Task goal |
Print the lines below from the line with "กระทรวงแรงงาน ขอเชิญร่วมงาน JOB" to the line with "1 Pack = 12" exactly, keeping both ends, and print no pictures.

Supplied entries |
┌────────

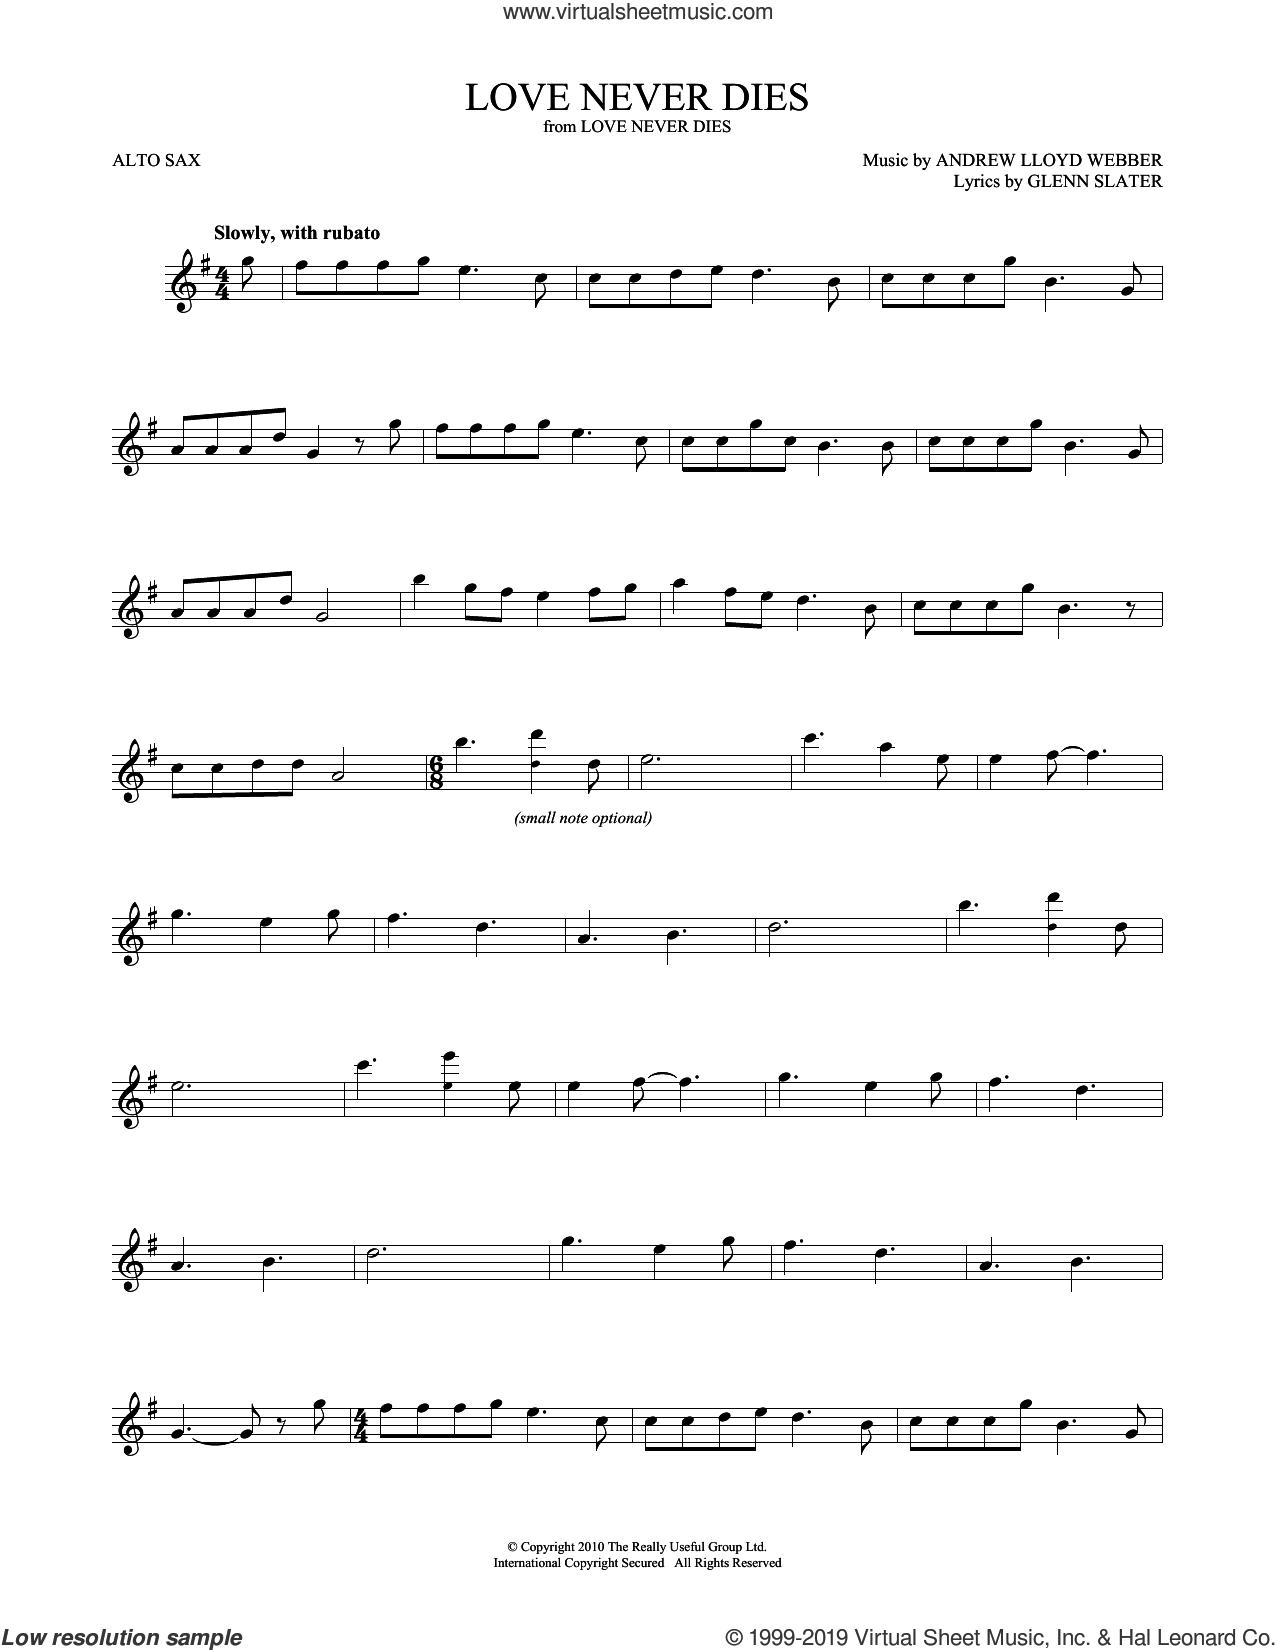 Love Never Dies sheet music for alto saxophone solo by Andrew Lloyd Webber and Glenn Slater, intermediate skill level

└────────
┌────────

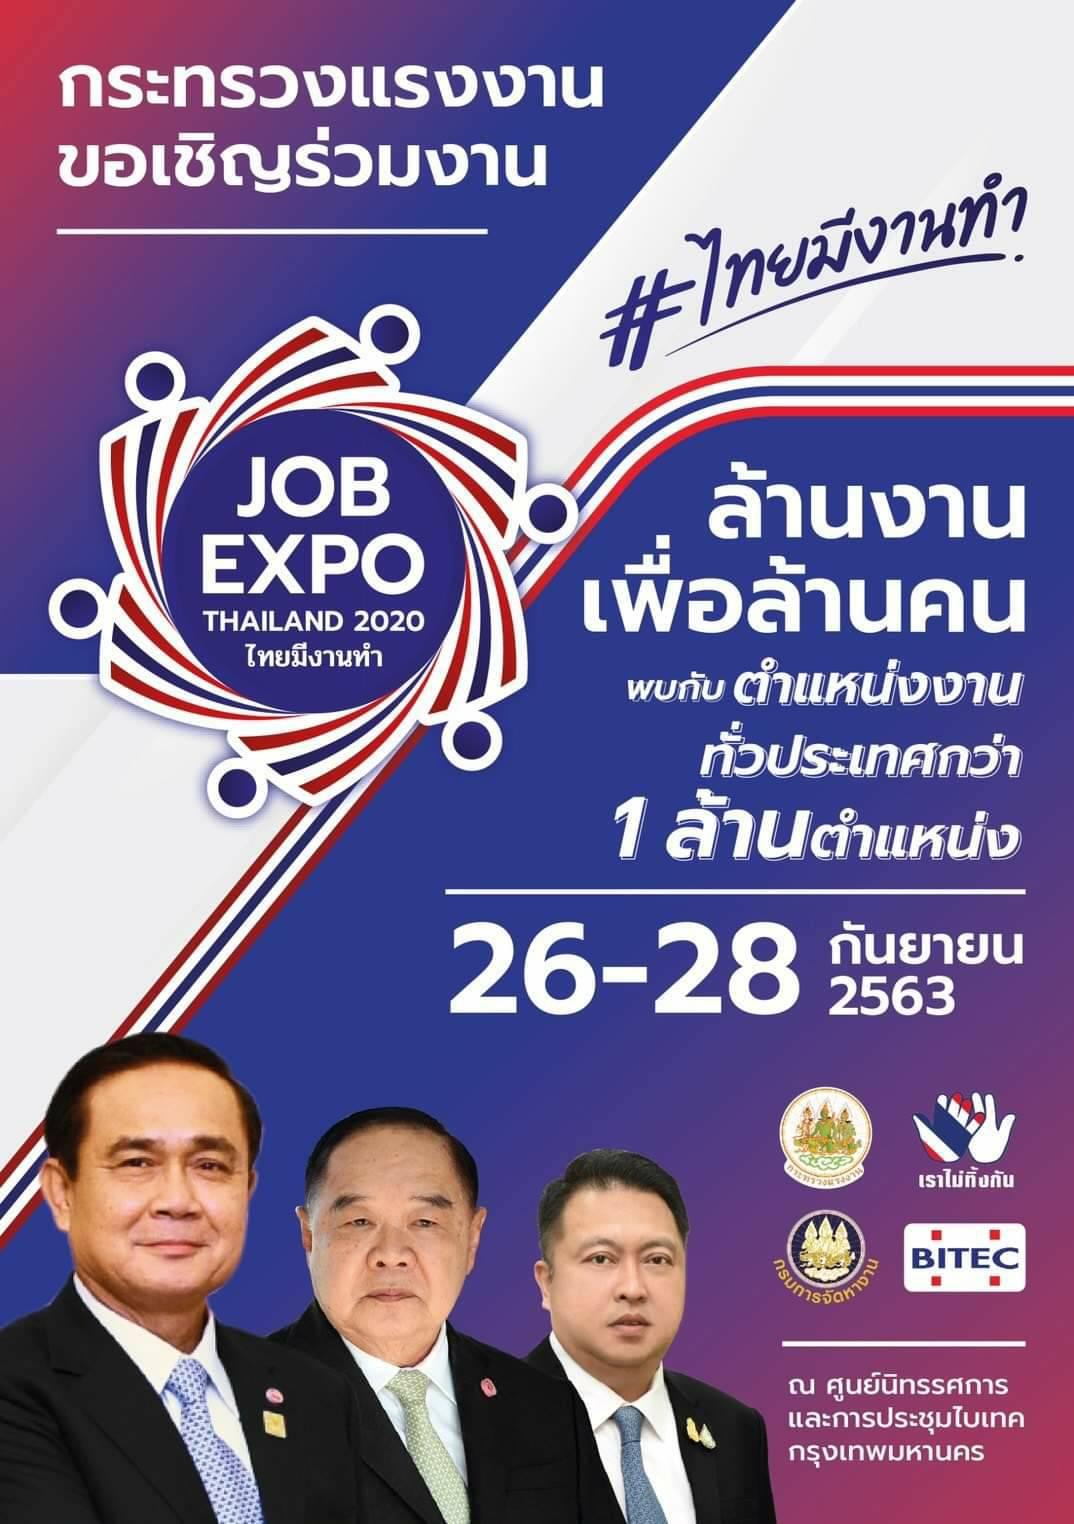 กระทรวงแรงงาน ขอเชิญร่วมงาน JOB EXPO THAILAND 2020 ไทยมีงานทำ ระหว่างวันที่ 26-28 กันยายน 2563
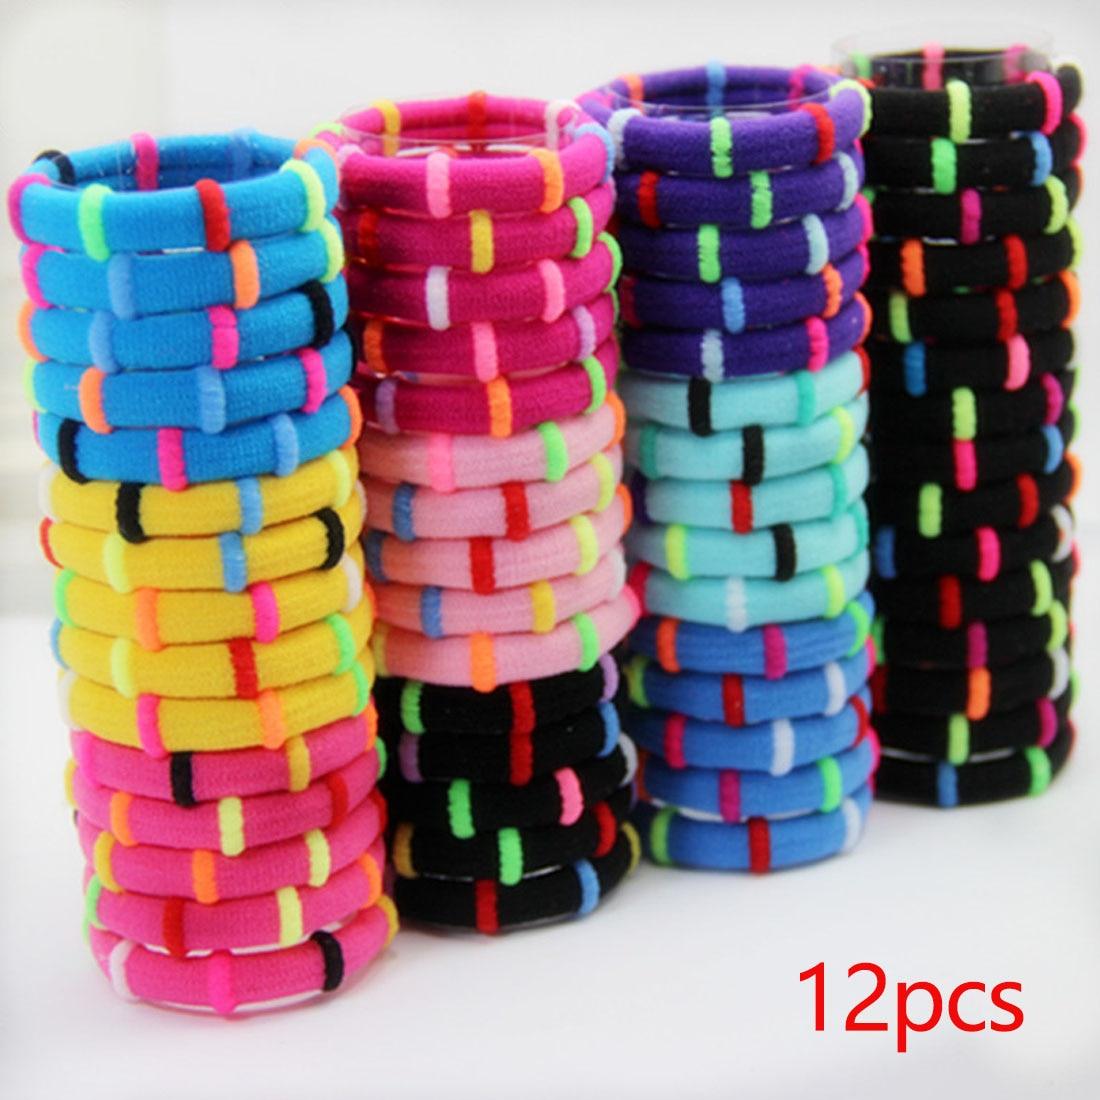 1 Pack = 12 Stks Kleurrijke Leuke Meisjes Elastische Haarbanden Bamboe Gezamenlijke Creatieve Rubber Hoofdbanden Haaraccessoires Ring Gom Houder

└────────

Solution |
 กระทรวงแรงงาน ขอเชิญร่วมงาน JOB EXPO THAILAND 2020 ไทยมีงานทำ ระหว่างวันที่ 26-28 กันยายน 2563
 1 Pack = 12 Stks Kleurrijke Leuke Meisjes Elastische Haarbanden Bamboe Gezamenlijke Creatieve Rubber Hoofdbanden Haaraccessoires Ring Gom Houder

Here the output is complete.